→ Provided data
#####
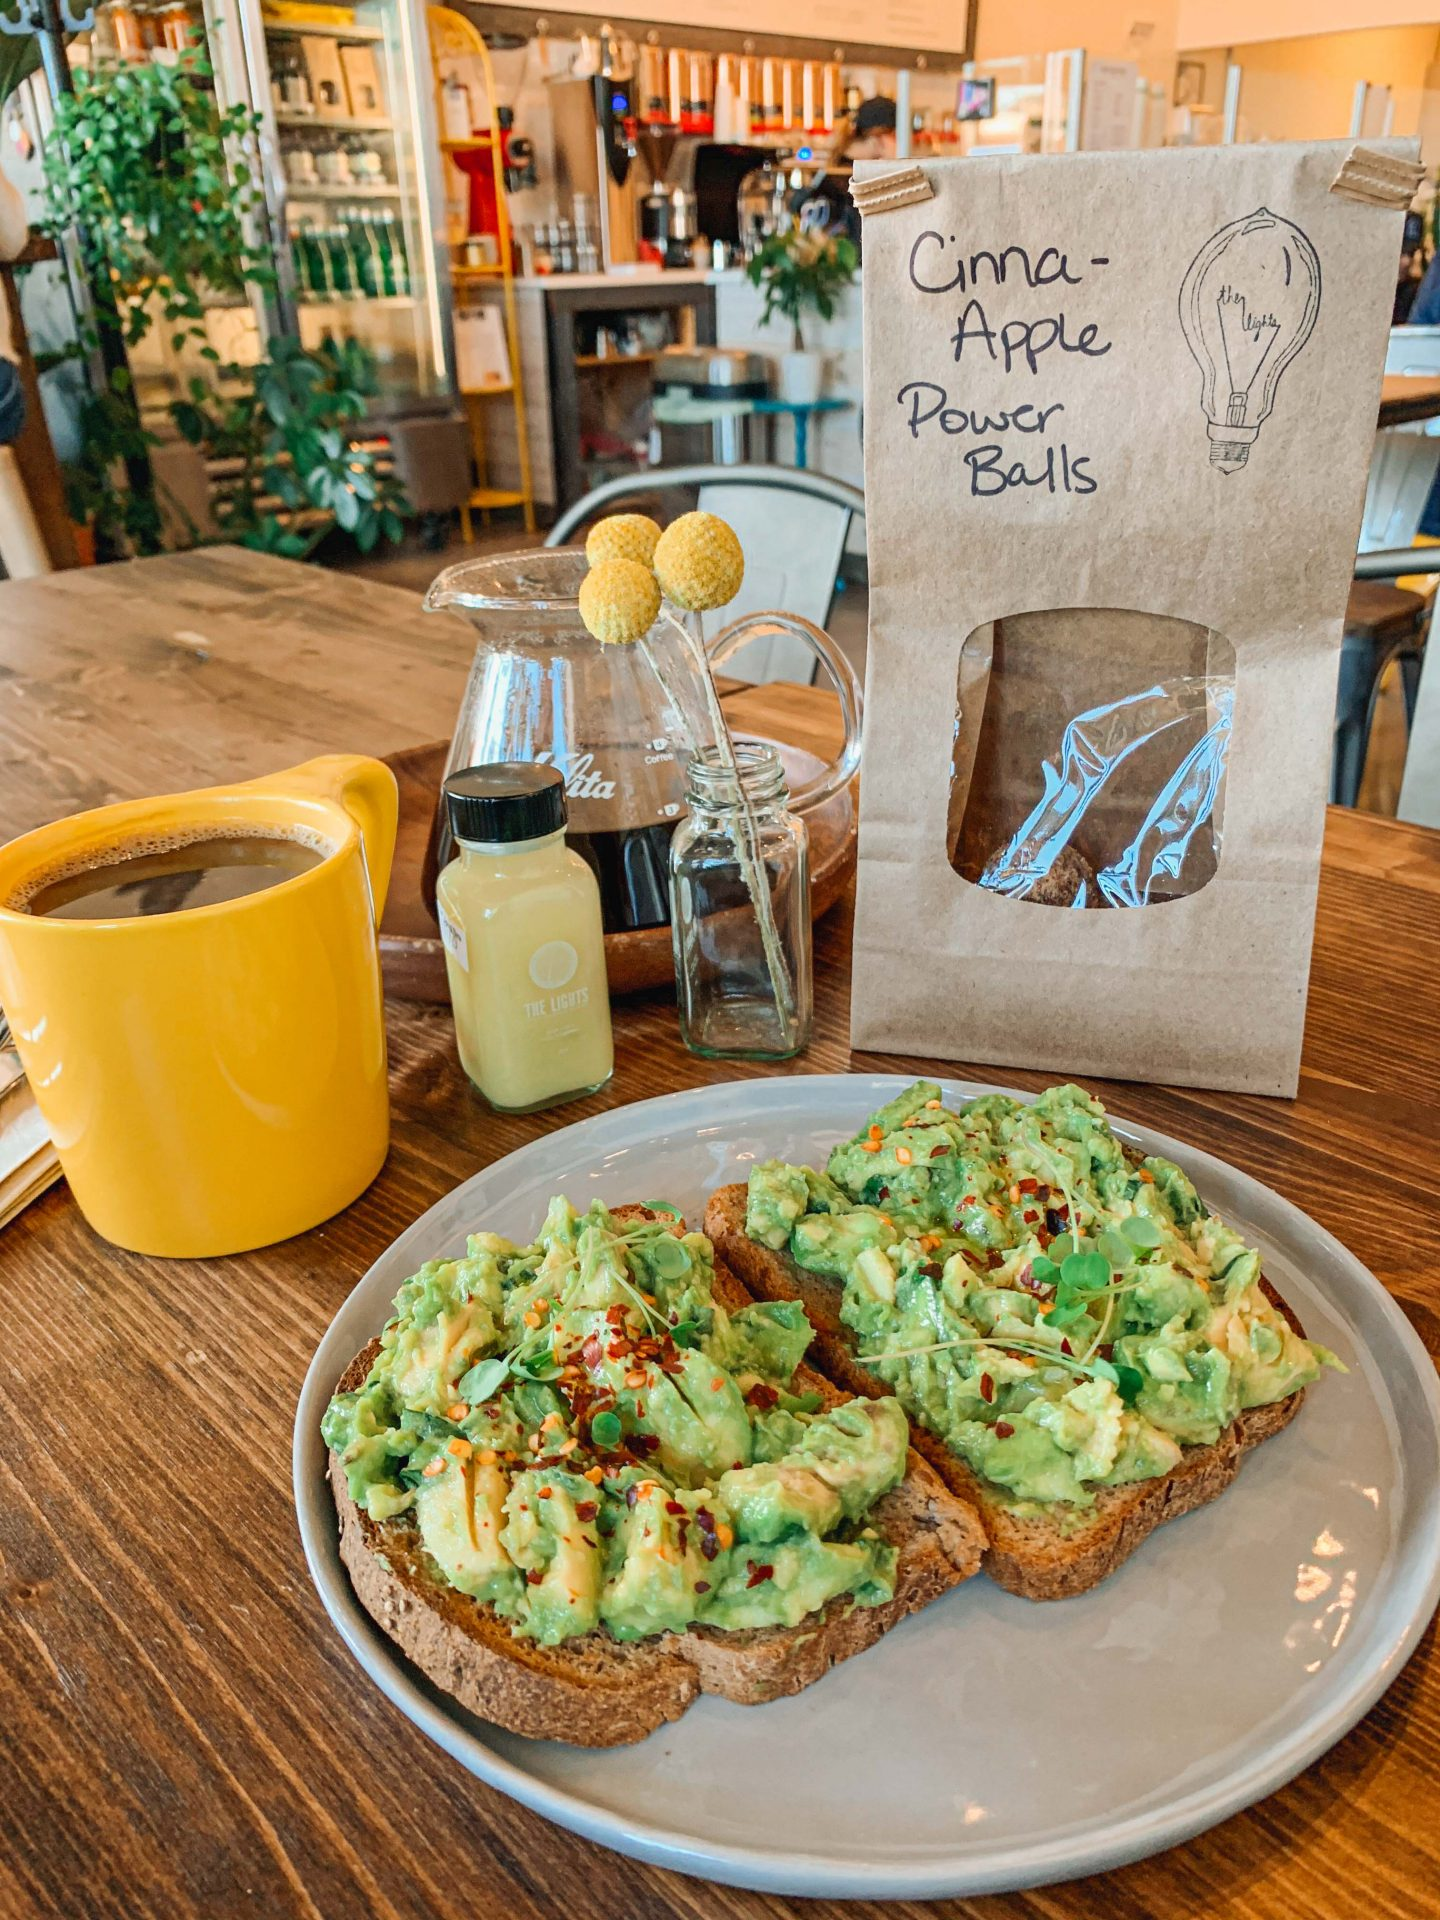 lights juicery, coffee, toast, avocado, healthy eating, Charlotte nc, where to eat, vegan cafe, healthy restaurants Charlotte
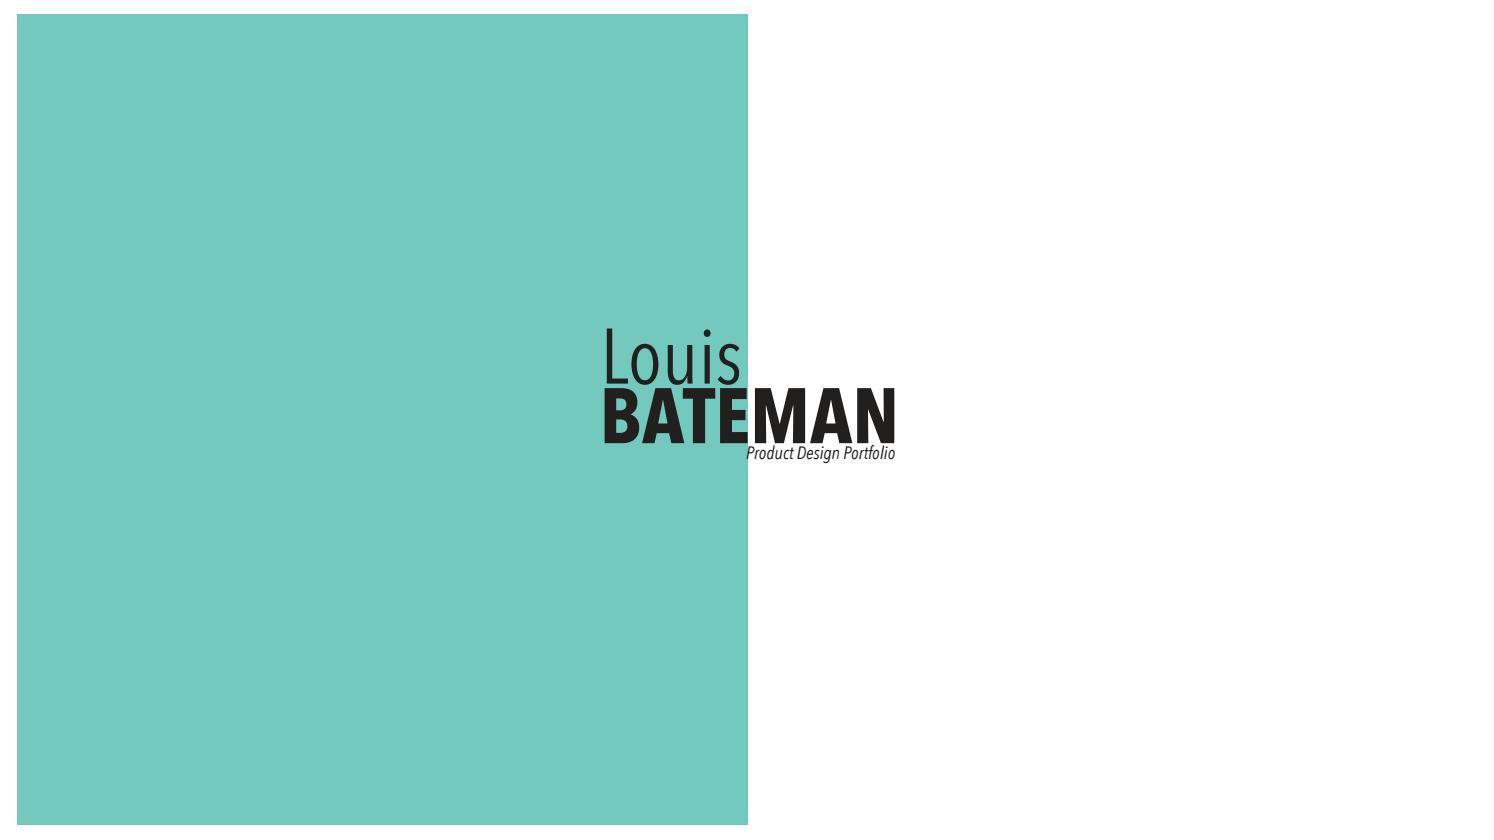 Louis Bateman Product Design Portfolio Loughborough Design School By Lb Des1gn Issuu
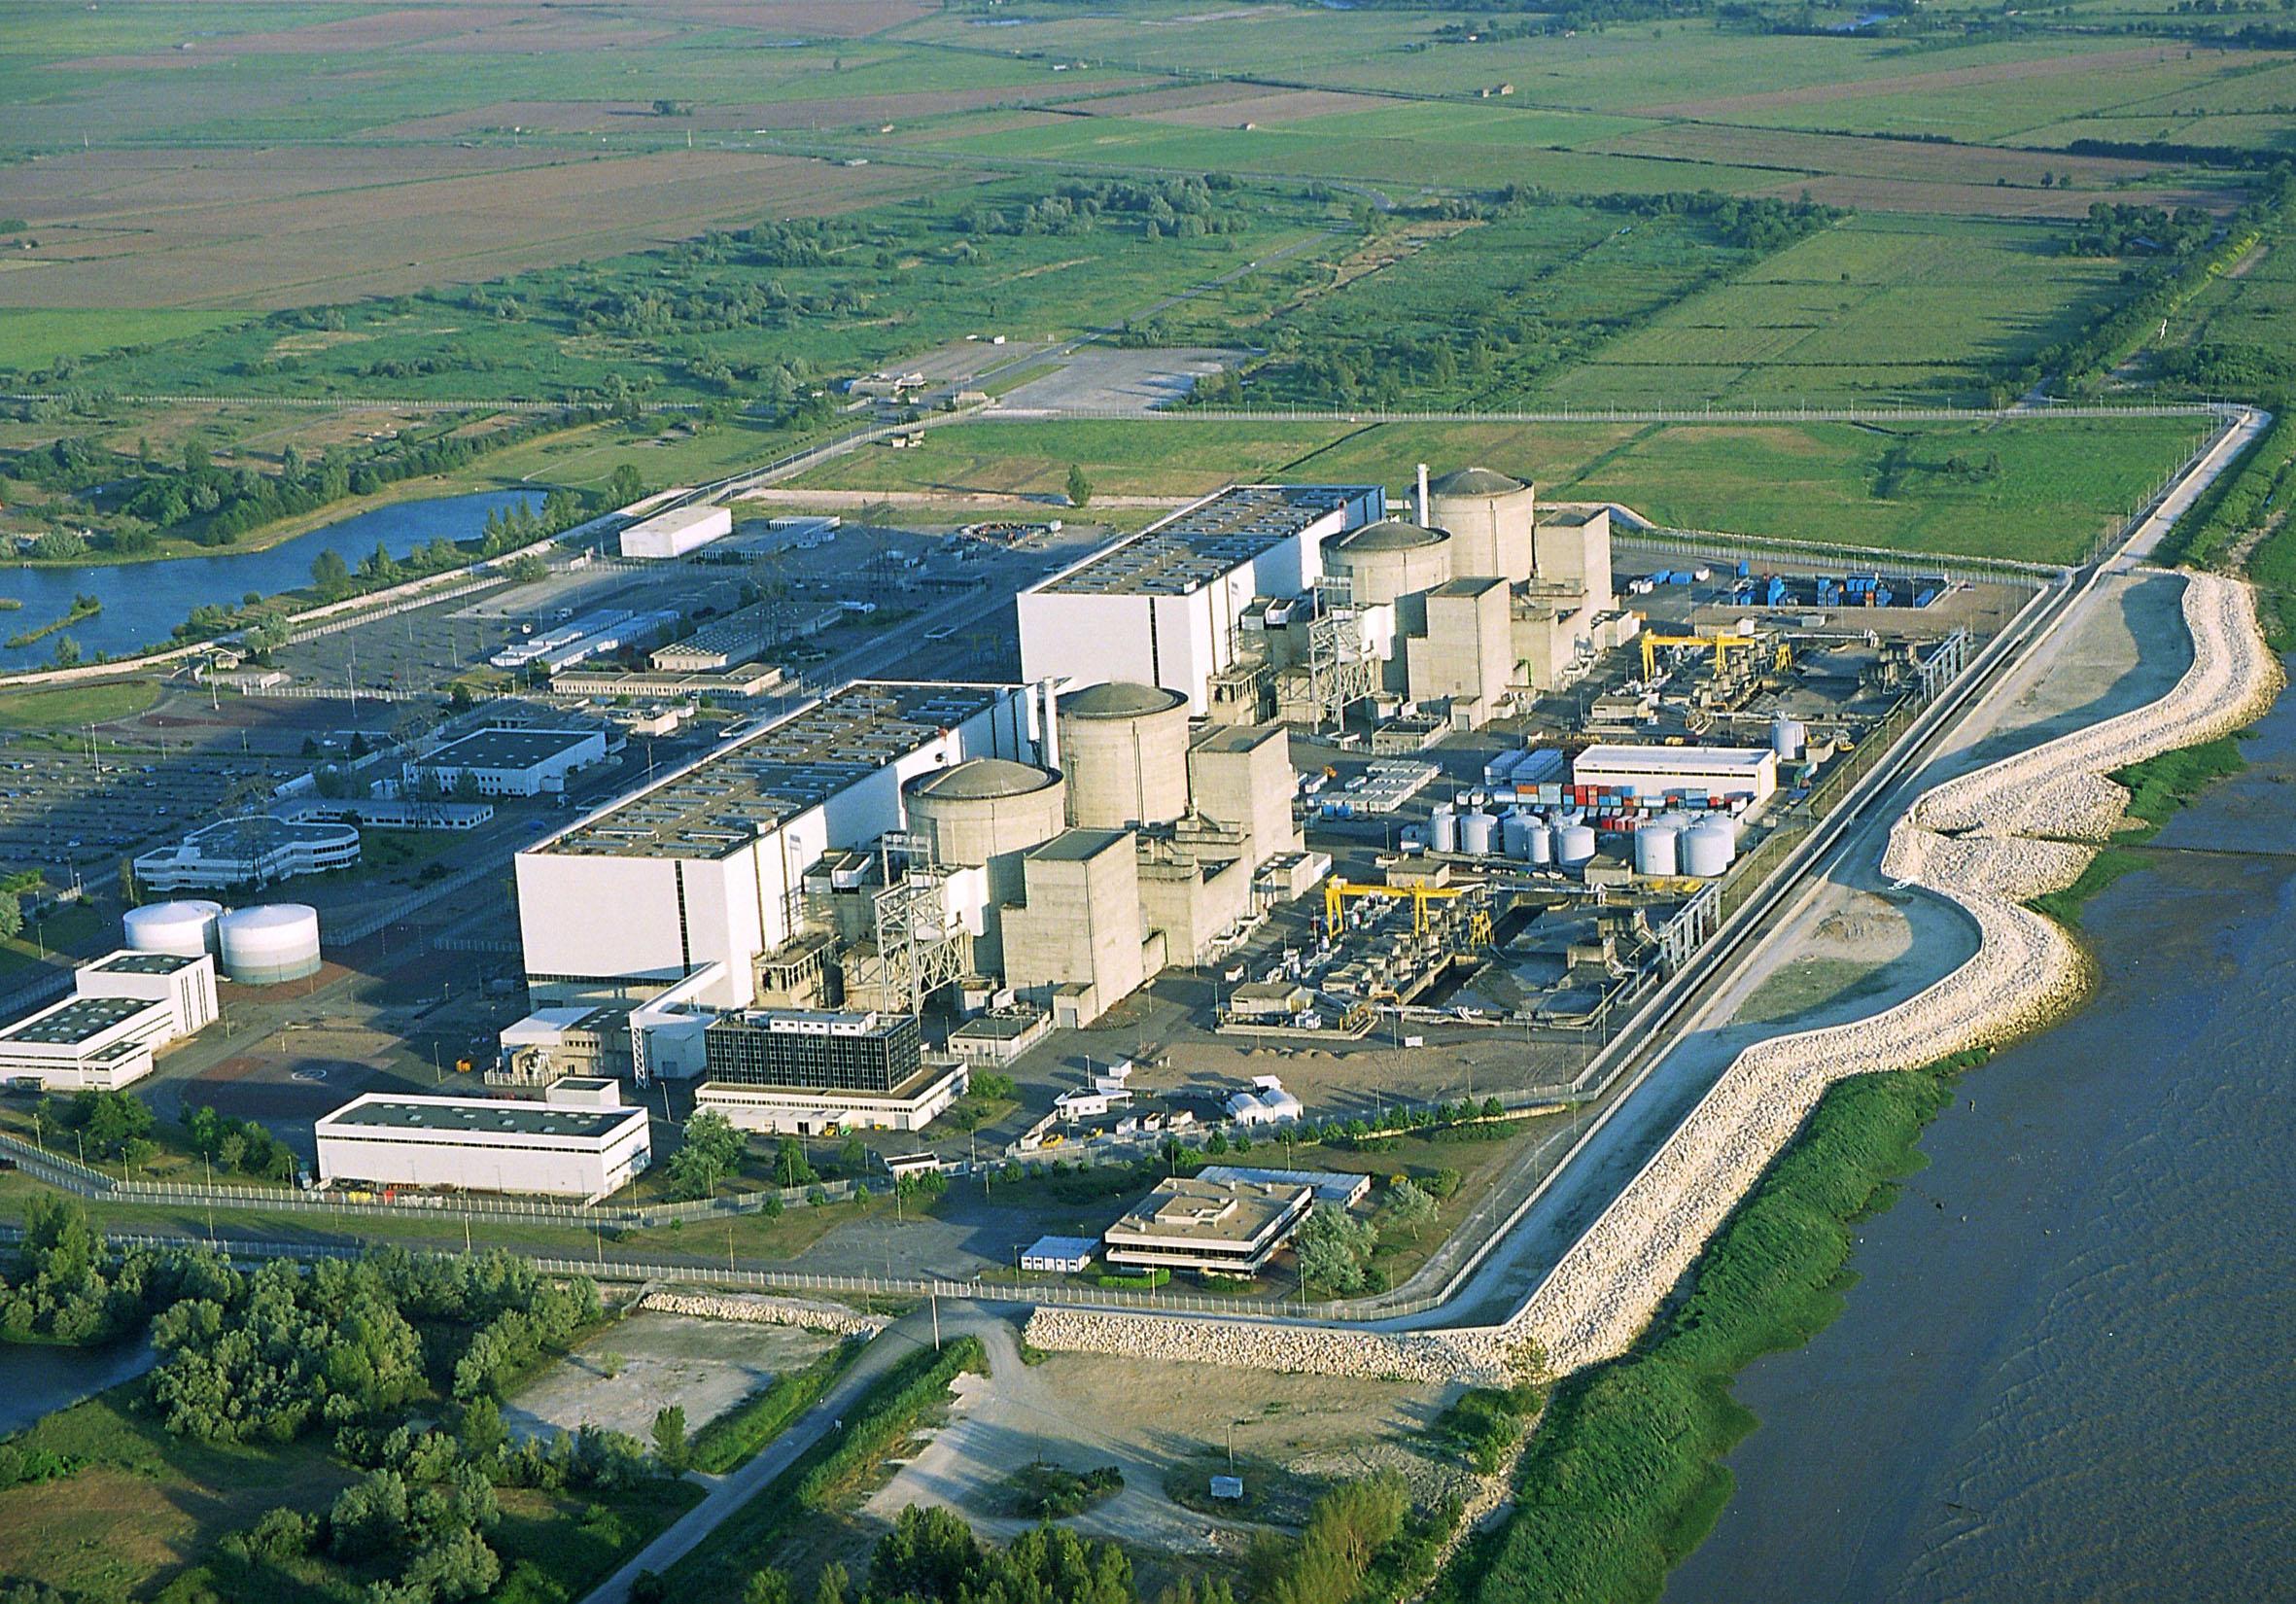 GDES, responsable del mantenimiento de superficies del 21% del parque nuclear de Francia
#####
→ What the task asks
Retype the whole listing word for word. Skip the pictures.

→ Written reply
 lights juicery, coffee, toast, avocado, healthy eating, Charlotte nc, where to eat, vegan cafe, healthy restaurants Charlotte
 Louis Bateman Product Design Portfolio Loughborough Design School By Lb Des1gn Issuu
 GDES, responsable del mantenimiento de superficies del 21% del parque nuclear de Francia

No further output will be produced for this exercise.